*** Records supplied Section Begins ***
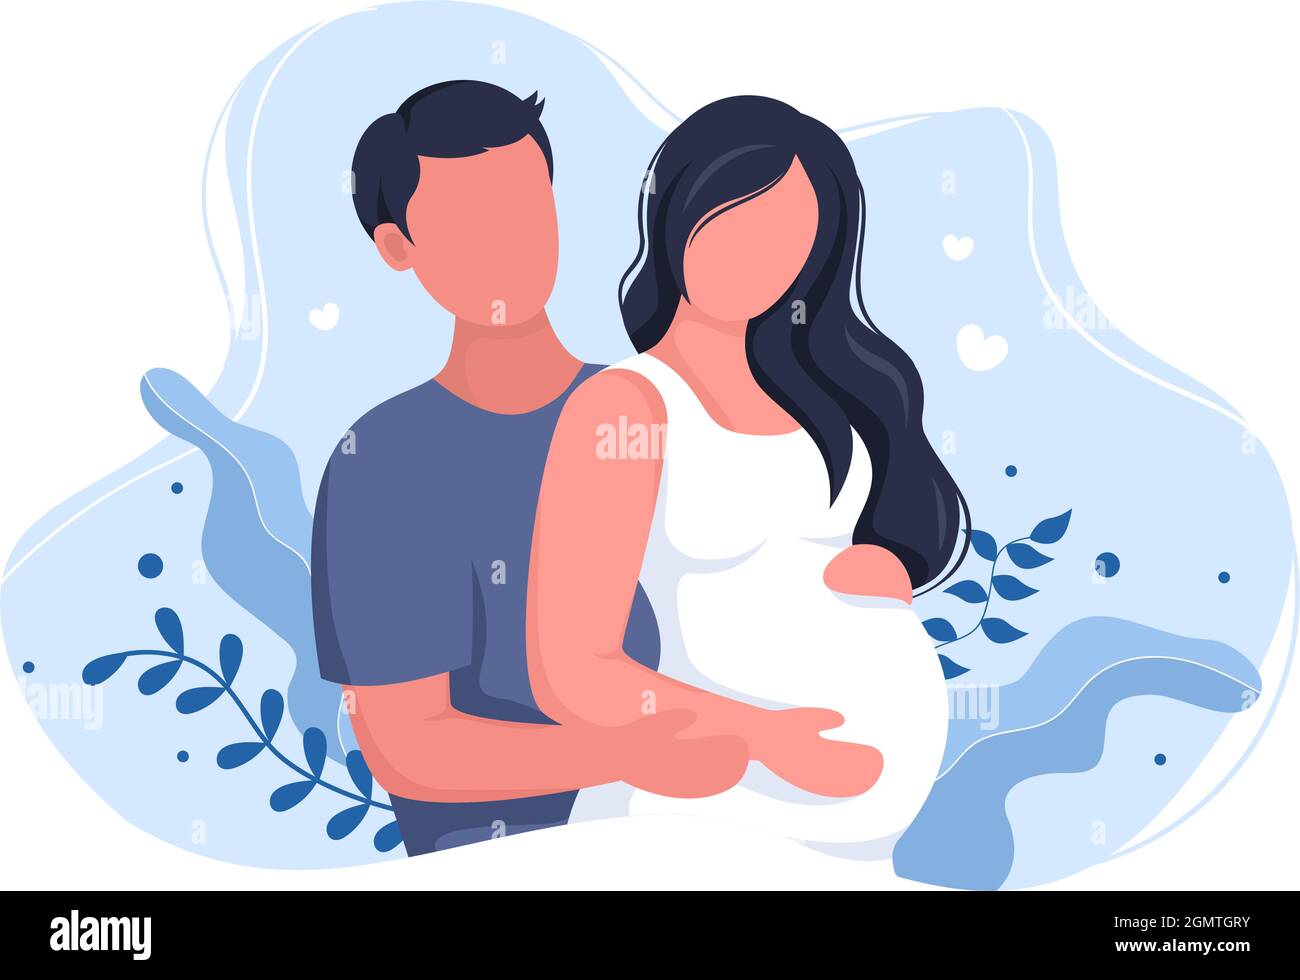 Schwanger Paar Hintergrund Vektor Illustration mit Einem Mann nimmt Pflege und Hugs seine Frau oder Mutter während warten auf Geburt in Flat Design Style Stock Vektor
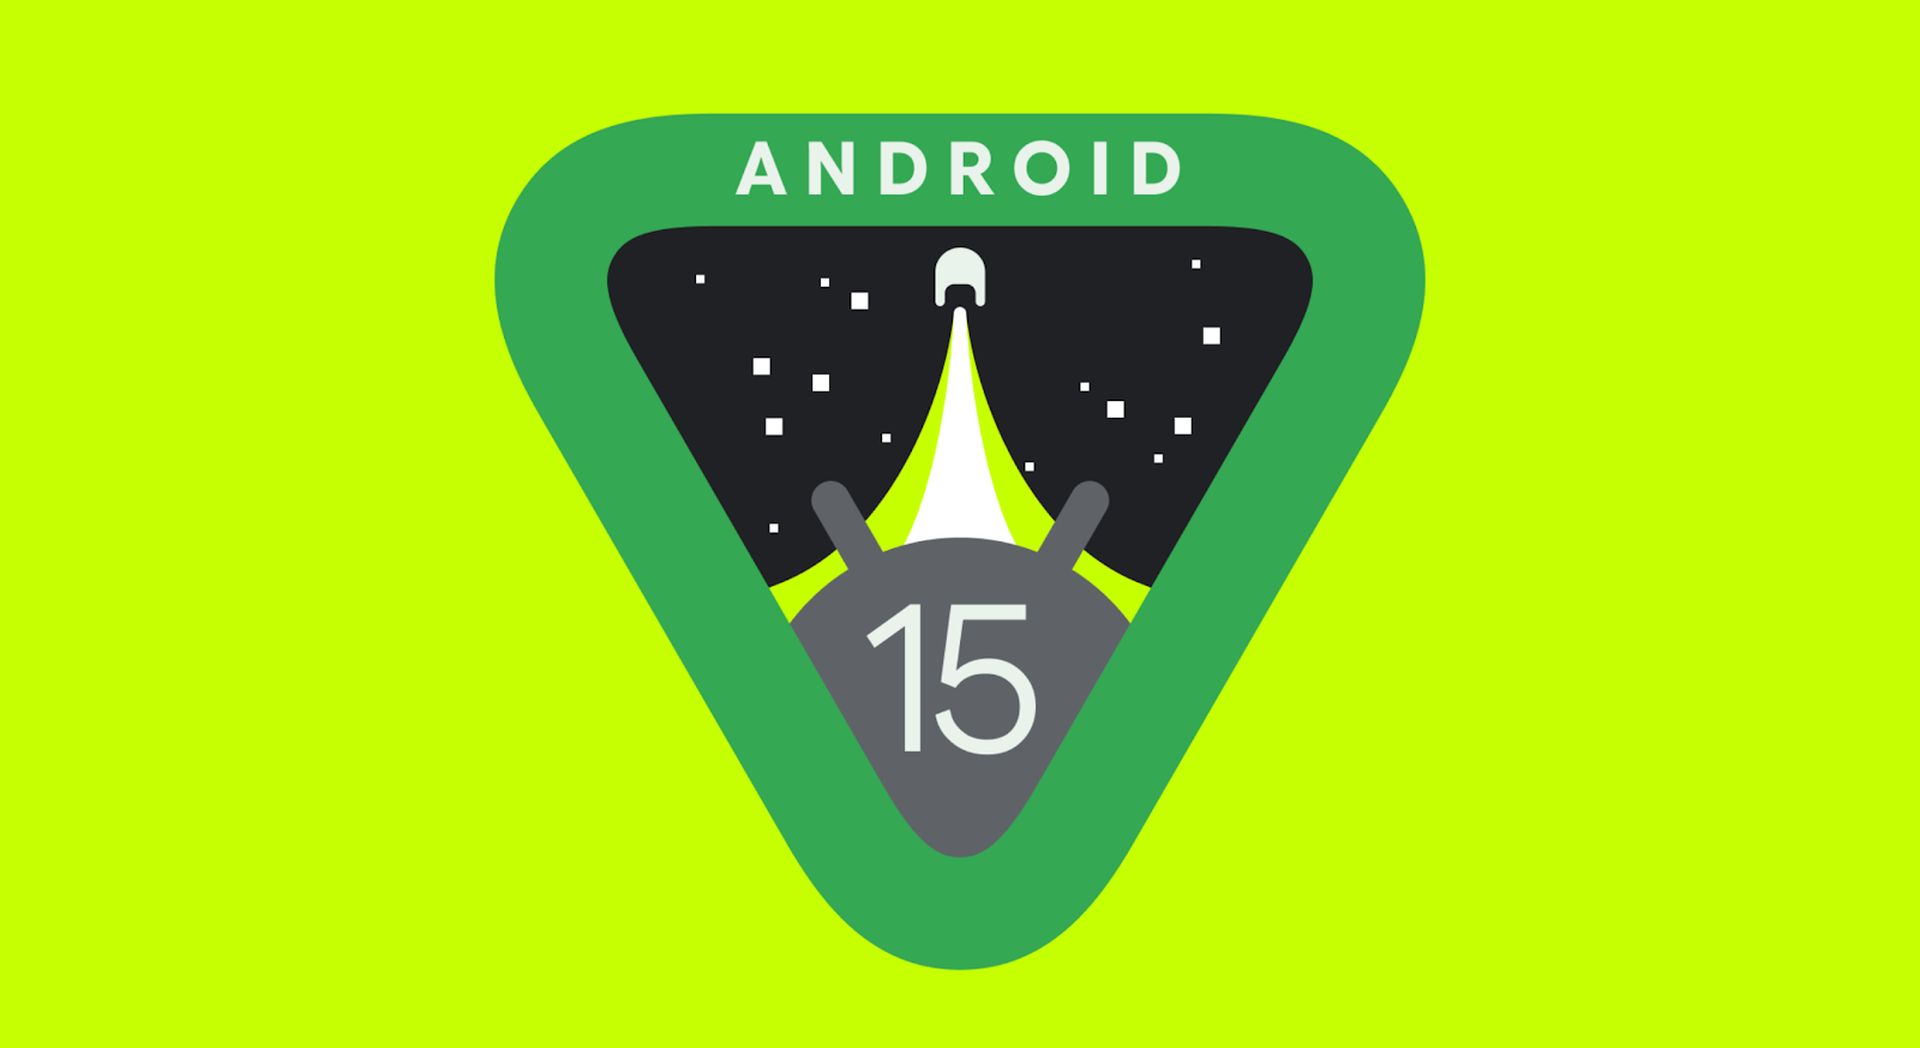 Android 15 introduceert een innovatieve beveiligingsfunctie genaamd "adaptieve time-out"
*** Records supplied Section Ends ***
*** Records supplied Section Begins ***
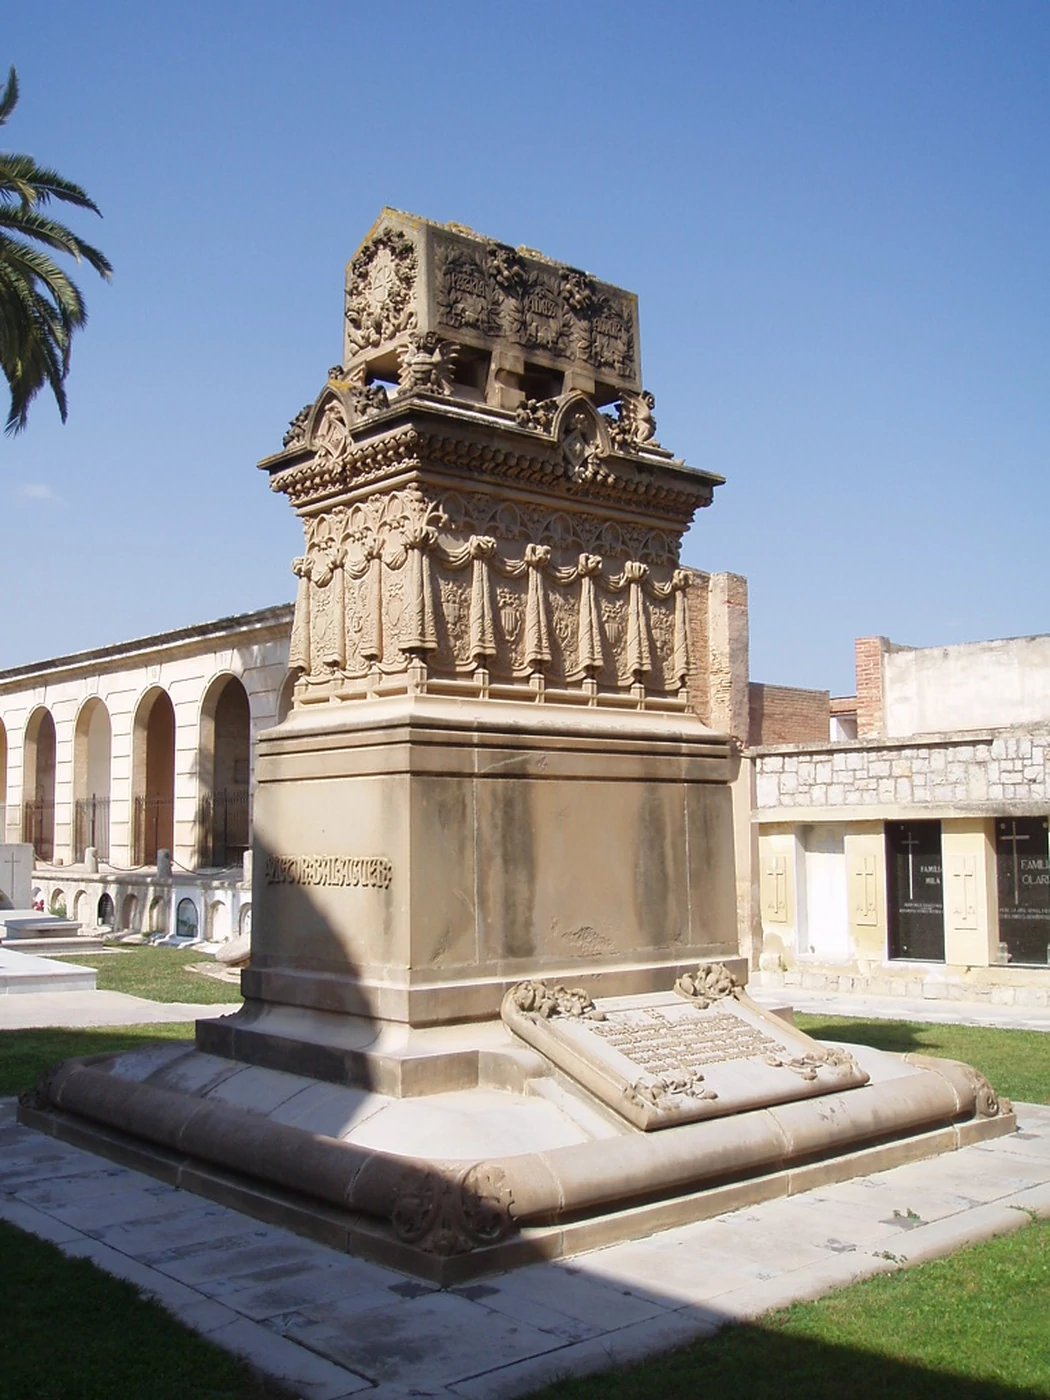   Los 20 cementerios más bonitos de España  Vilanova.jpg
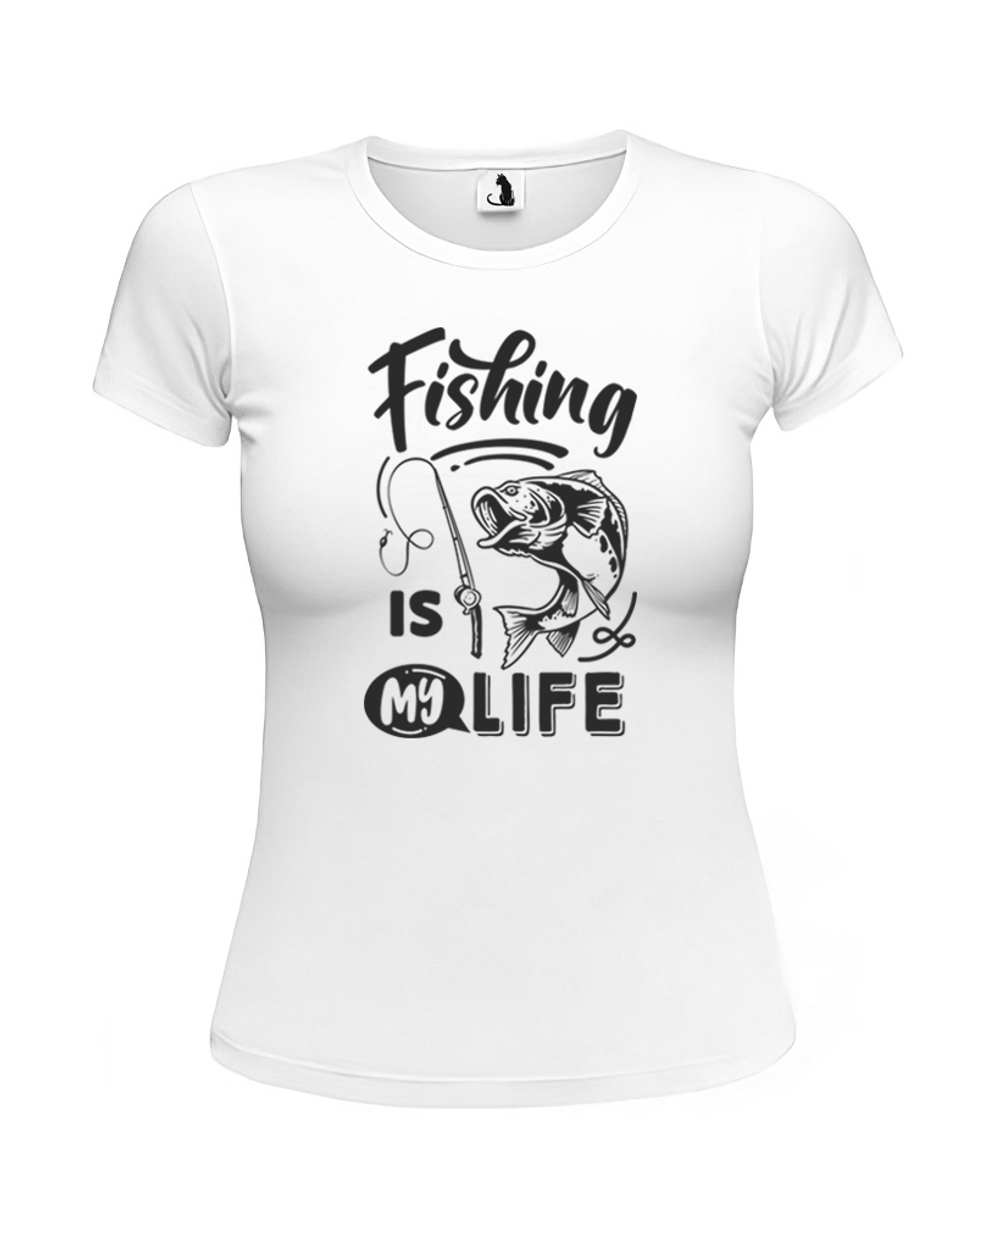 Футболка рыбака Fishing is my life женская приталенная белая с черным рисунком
*** Records supplied Section Ends ***
*** Records supplied Section Begins ***
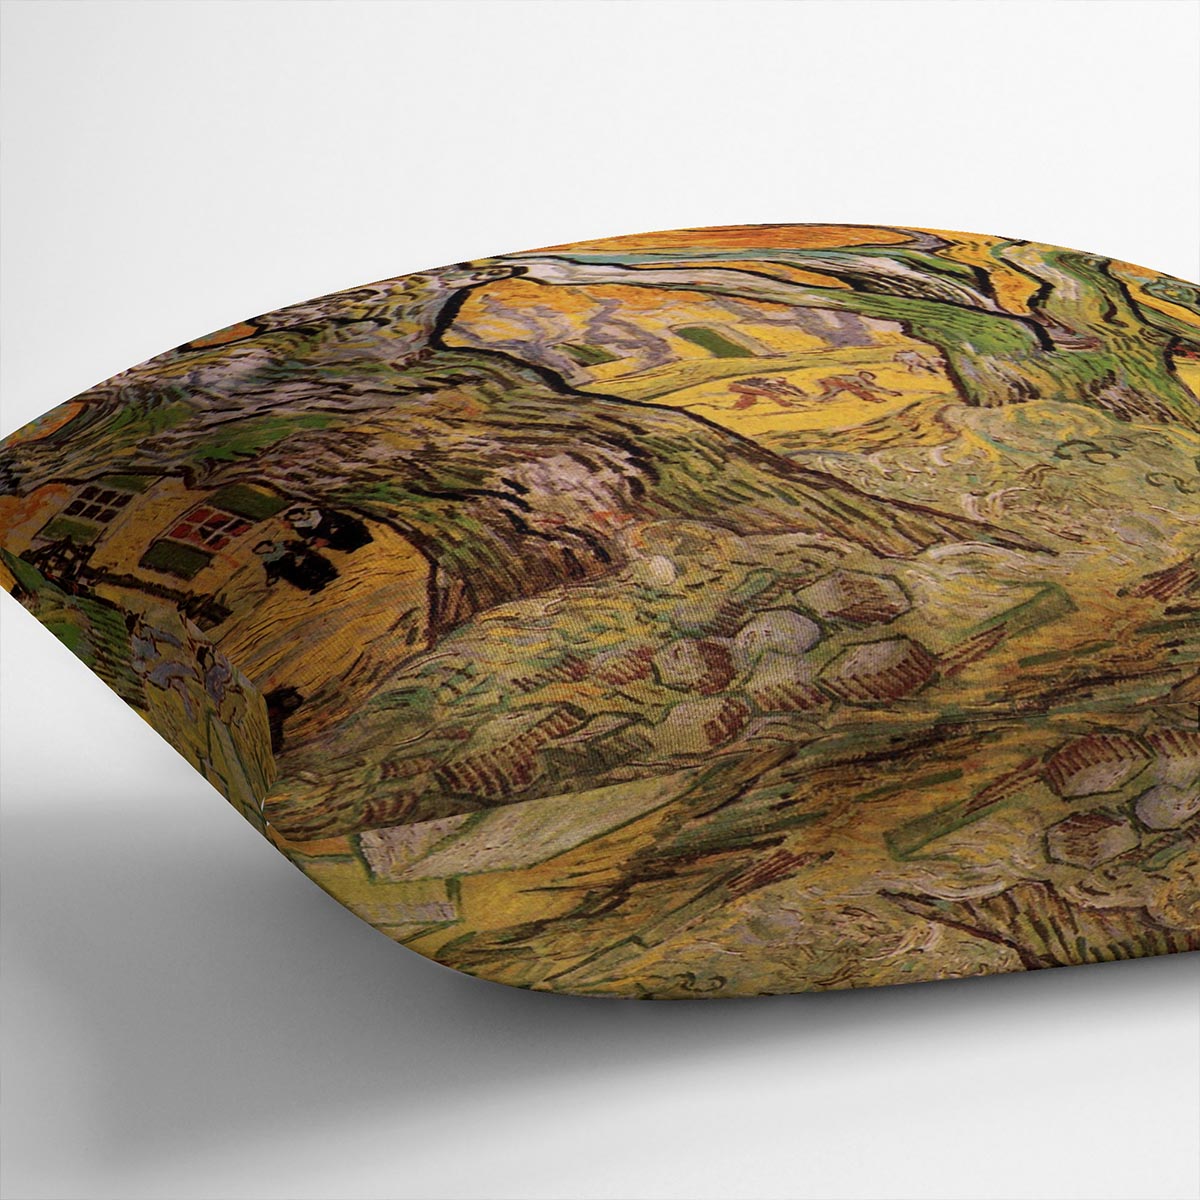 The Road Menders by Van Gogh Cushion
*** Records supplied Section Ends ***
● **Your instructions**:
Only the lines starting at the one that includes "Los 20 cementerios" and ending at the one that includes "Футболка рыбака Fishing" should be retyped, exactly, from the records above; no pictures.

● **Output**:
   Los 20 cementerios más bonitos de España  Vilanova.jpg
 Футболка рыбака Fishing is my life женская приталенная белая с черным рисунком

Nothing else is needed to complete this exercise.